Dataset extract:
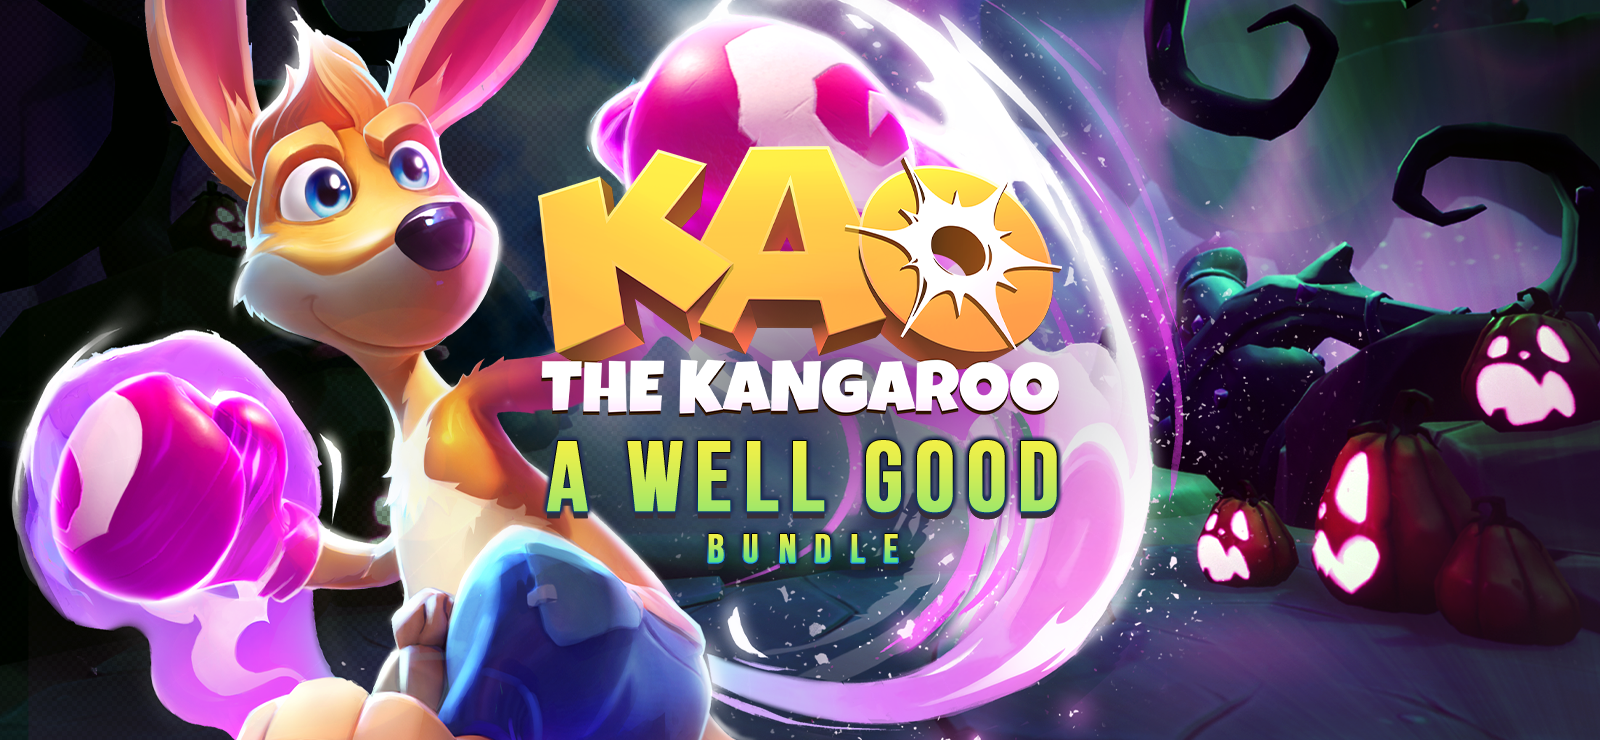 Kao The Kangaroo - A Well Good Bundle
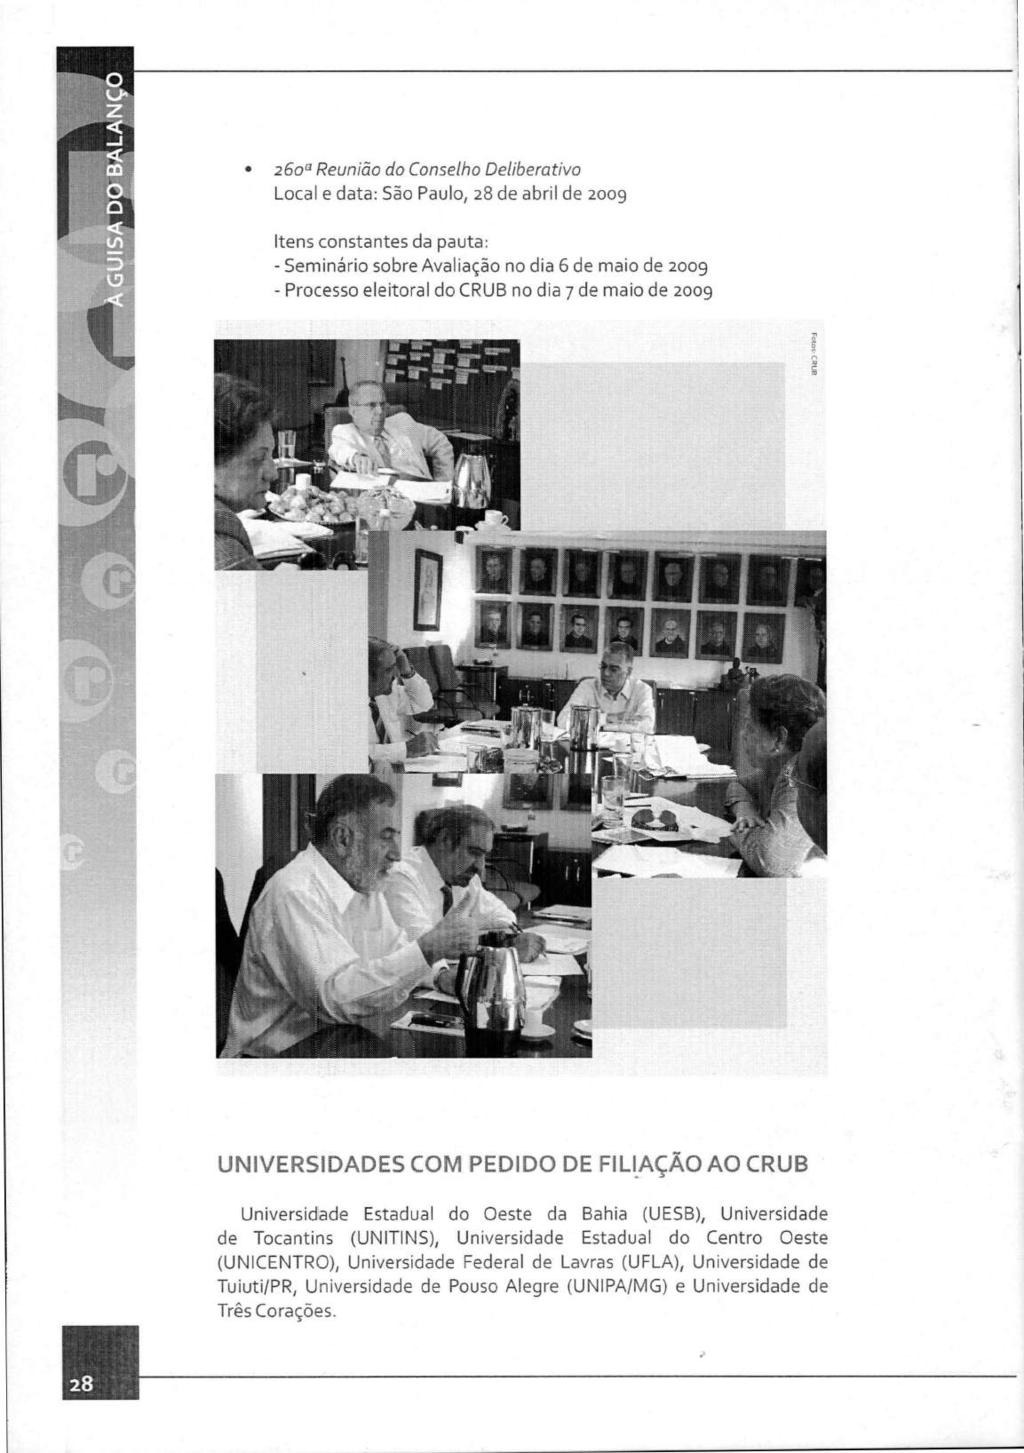 26ou Reunião do Conselho Deliberativo Local e data: São Paulo, 28 de abril de 2009 Itens constantes da pauta: - Seminário sobre Avaliação no dia 6 de maio de 2009 - Processo eleitoral do CRUB no dia
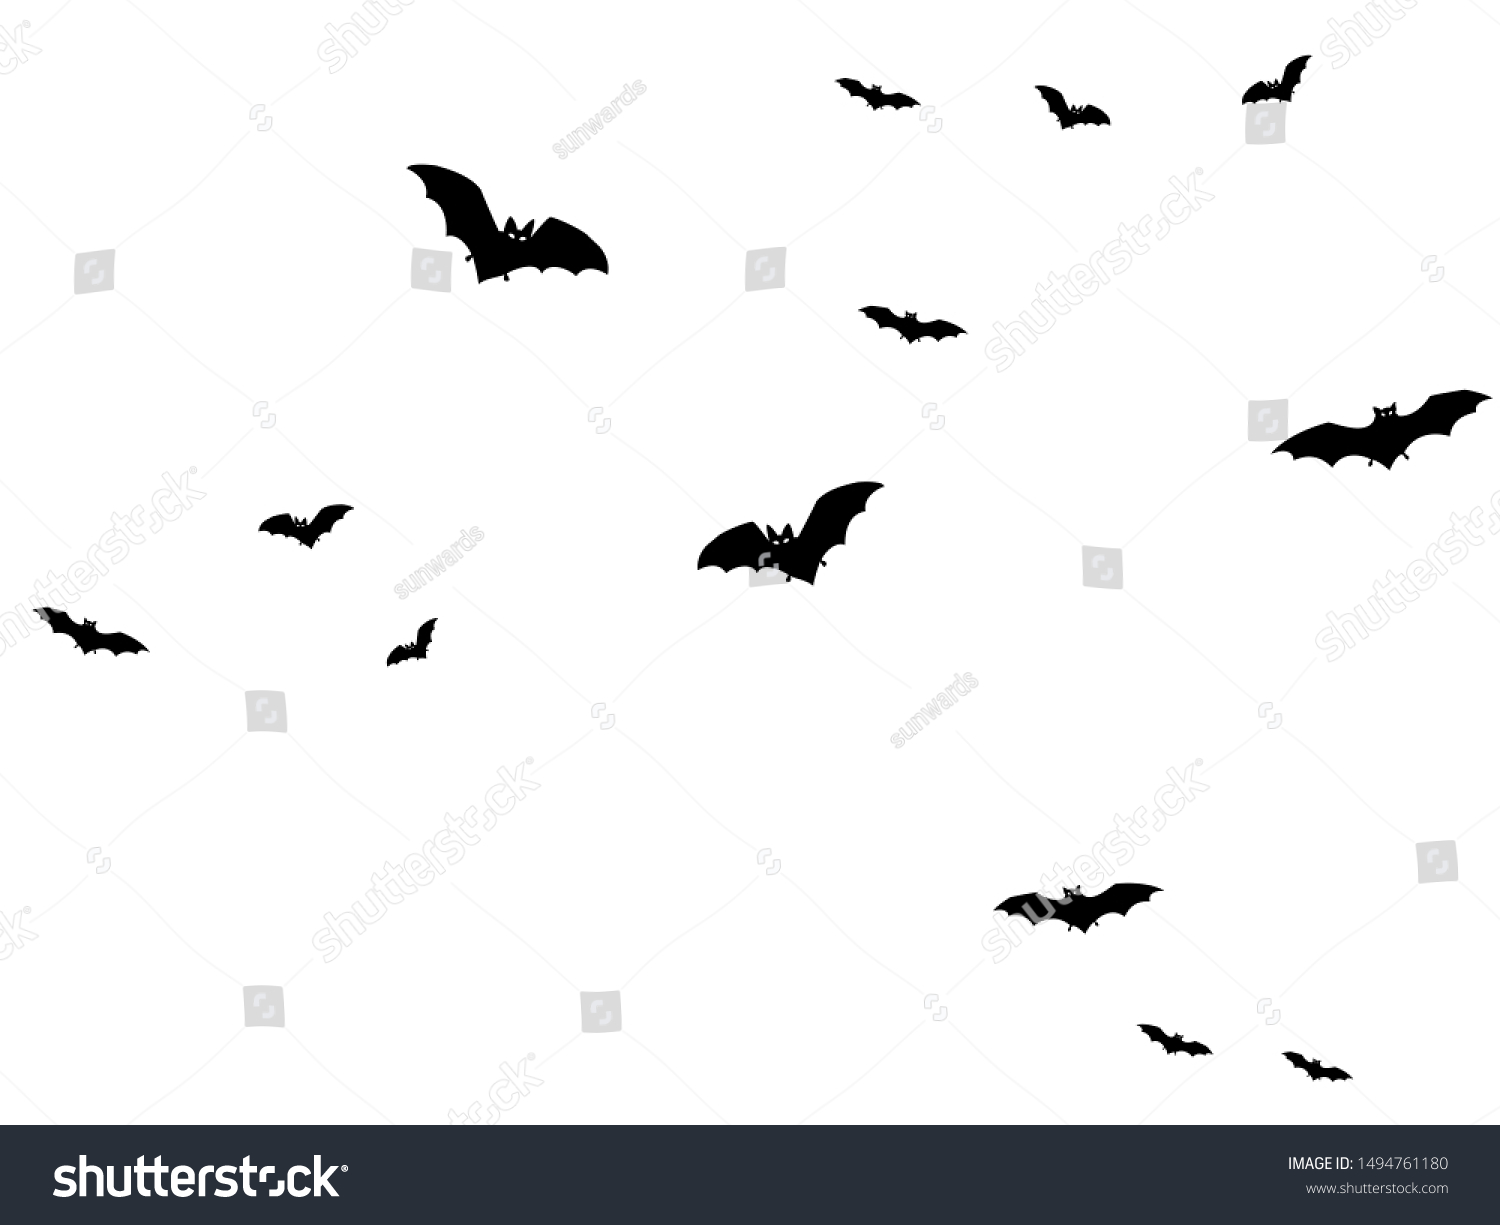 532,714件の「コウモリ」の画像、写真素材、ベクター画像 | Shutterstock
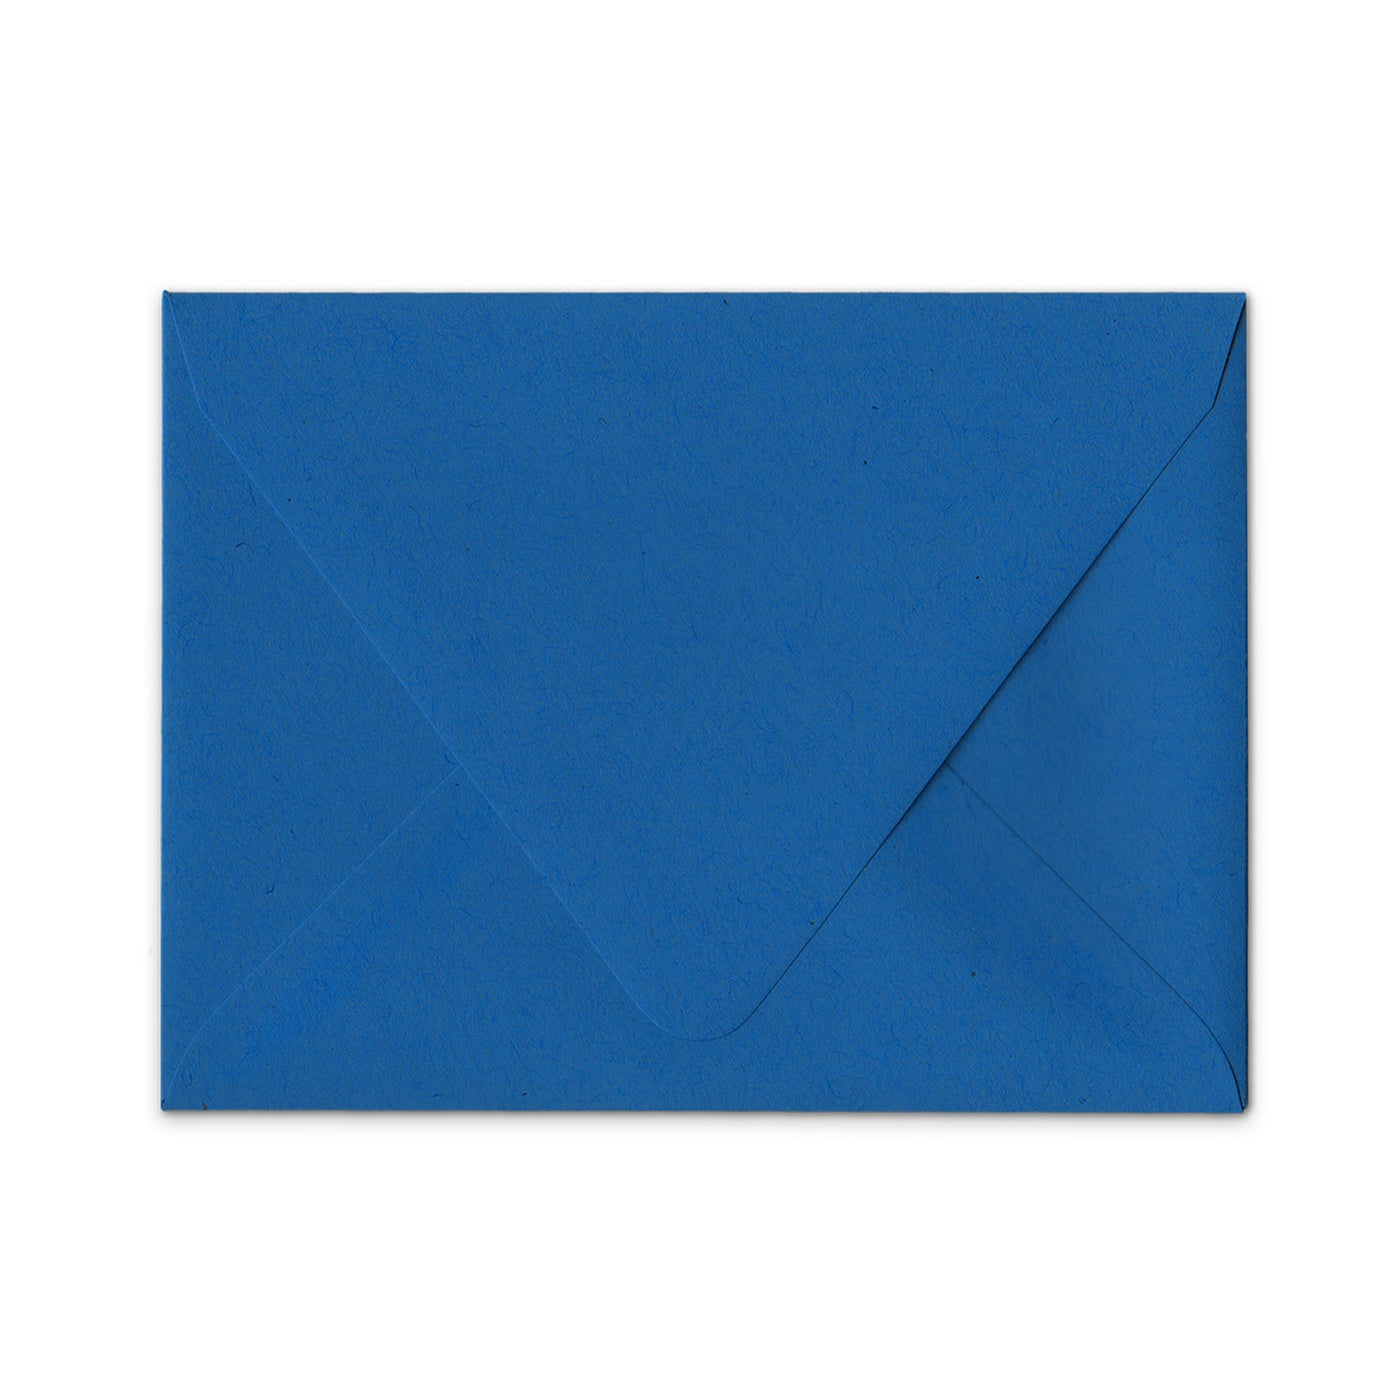 Royal blue Euro flap envelope, beknown
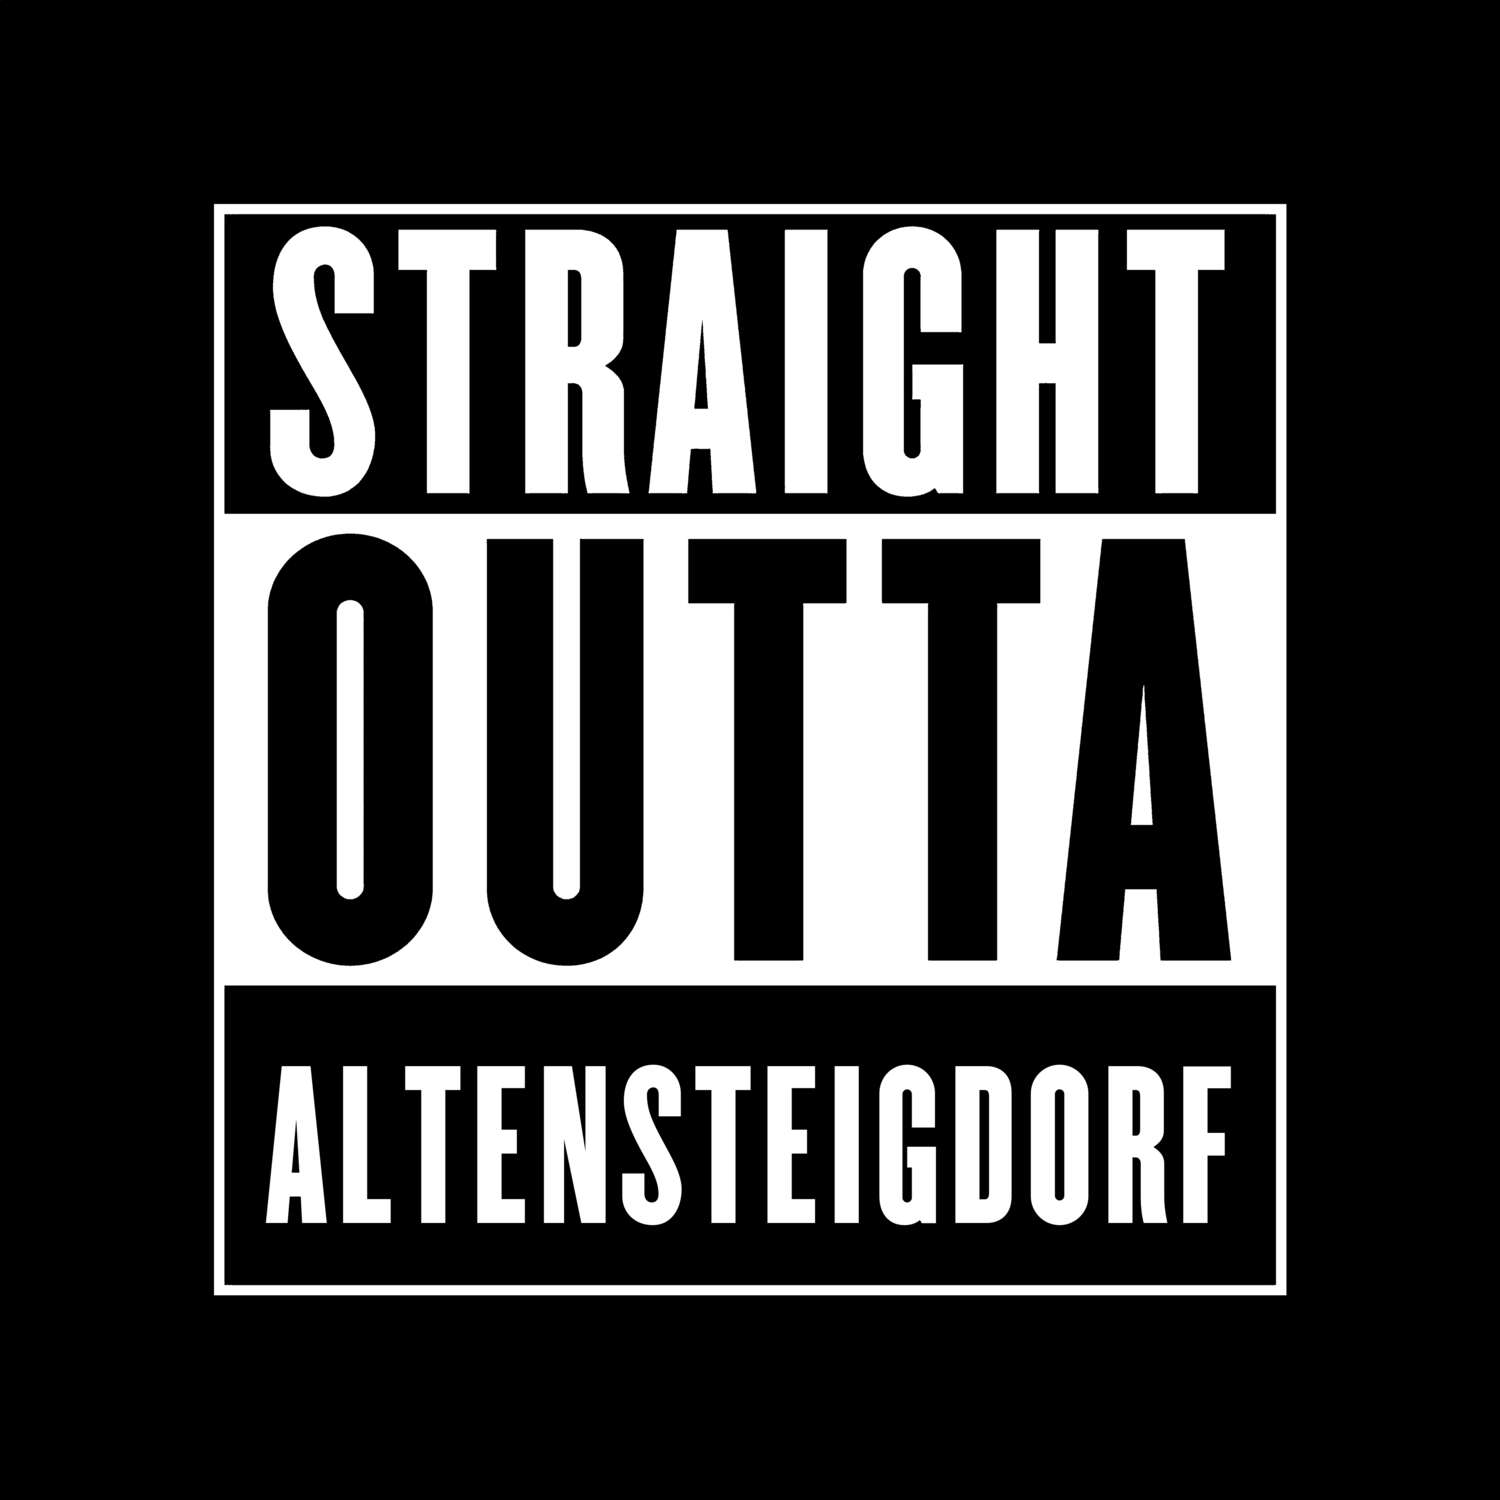 Altensteigdorf T-Shirt »Straight Outta«

Task directions: From the first line to the last, copy the listing above exactly, dropping all images.

Exercise solution:
 Kao The Kangaroo - A Well Good Bundle
 26ou Reunião do Conselho Deliberativo Local e data: São Paulo, 28 de abril de 2009 Itens constantes da pauta: - Seminário sobre Avaliação no dia 6 de maio de 2009 - Processo eleitoral do CRUB no dia
 532,714件の「コウモリ」の画像、写真素材、ベクター画像 | Shutterstock
 Royal blue Euro flap envelope, beknown
 Altensteigdorf T-Shirt »Straight Outta«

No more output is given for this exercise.